Identifying your Door to Success

Published on 13th March 2007

After four years of relentless job searching, Paul Maingi opened Dreams Wear shop, where he now specializes on formal as well as casual wear. Today, he boasts of three shops; one located in Nairobi’s city centre and the other two on the outskirts of Nairobi. The African Executive caught up with the 27 year old Kenyan and he shares some of his experiences.

A.E: How did you begin?

Maingi: I hold a Diploma in Design from Kenya Polytechnic. After my graduation, I was out in search of jobs to no avail. However in 2004, I resorted to go into business. I had some money and had to identify what I would invest in. I did some research and found that most men unlike women do not have time to go shopping for clothes and find the whole exercise tedious. Therefore, I decided to cater for this clientele by getting them suits, shirts and shoes and delivering them in their offices and homes. 

A.E: What happened next?

Maingi: I shared my idea with the people I knew first and most of them supported me. By interacting with them, I got to know their preferred outfits. I would get what suited them and deliver them. Most of them appreciated my efforts and introduced me to their friends and colleagues. Today, I have a clientele of more than 300 people. 

A.E: When did you open the stalls? 

Maingi: I initially operated from my tiny house in Umoja estate for two years before opening my first stall in the city centre. I have opened two other stalls in Nairobi West and Buruburu estate since then.

A.E: Do you only target men? 

Maingi: No. The stalls have a wider target. They serve the young, old and also both female and male.  

A.E: Do you deliver clothes to women?

Maingi: No. I have never done office or home delivery to women. Women buy their clothes directly from the stalls. 

A.E: Why?

Maingi: Women unlike men prefer making a choice from a variety of colors and designs among others. 

A.E: Where do you get your clothes from? 

Maingi: This varies. It can be Bangkok, China, Turkey, Uganda among others.

A.E: How much was your initial capital? 

Maingi: Ksh. 50,000 

A.E: Do you travel to purchase the goods yourself?

Maingi: Not always. Sometimes I send someone, or purchase them online and have them shipped to Kenya.  

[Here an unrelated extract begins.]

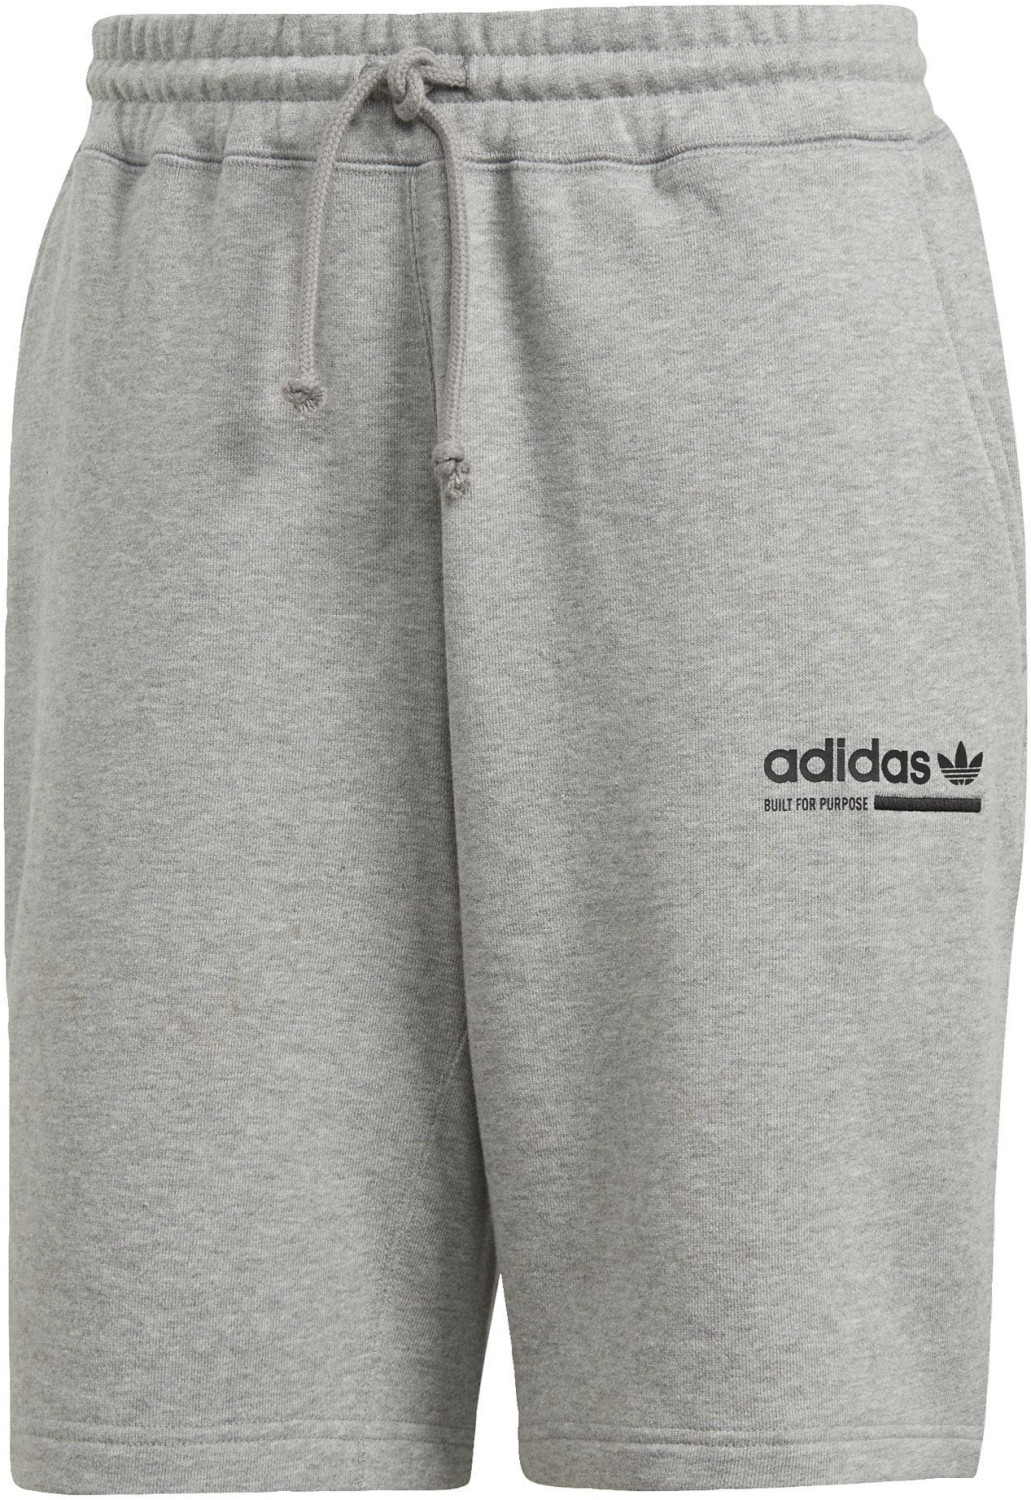 Adidas Kaval Shorts medium grey heather

A.E: How much is your stock currently? 

Maingi: Over Ksh. 750,000. Generally, men’s clothes have a bigger capital compared to women; this also affects the price of the clothes too. For example, while a man’s suit would go for approximately Ksh. 12,000 that of a woman would go for approximately Ksh. 5,500. This also applies in shoes, T-shits among others.

A.E: Why? 

Maingi: I think it is because they are more long lasting. For example, a man can do with one pair of shoes for up to six months or more, but for a woman, by the end of first month, she will be looking for a cobbler.

A.E: What have been your greatest challenges? 

Maingi: Capital, especially during my initial years. At times people would order and I would take long to deliver as I had to source for funds. Also, I had no business skills when I began. Competition is stiff. Today, there are many stalls in town selling clothes and shoes. Sales are usually down in January and February after the festive season of chrismas. One has to use profits from the previous months to meet the expenses. 

A.E: What services do you offer to manage the stiff competition? 

Maingi: I offer office and home deliveries. The customers that I have worked with for more than two years can purchase good on credit. I give them a grace period of utmost two months.

A.E: How do you manage the three shops and the deliveries? 

Maingi: I have employed a sales person in each shop, one person whom I visit the clients with, and another person who oversees the three shops.

A.E: What’s your take on the Youth Enterprise Development Fund that was launched by the Kibaki government? 

Maingi: It is a good stepping stone for the youth. People should not complain that Ksh. 30, 000 is little. One does not need a huge capital to start off. If they identify what the customer needs and offer that, the first year may be challenging but with good services, word will go round widening the client base.

A.E: What’s your advice to the youth? 

Maingi: They should change their perception that they can only succeed when they get white collar jobs and be ready to take the risks of starting their own businesses.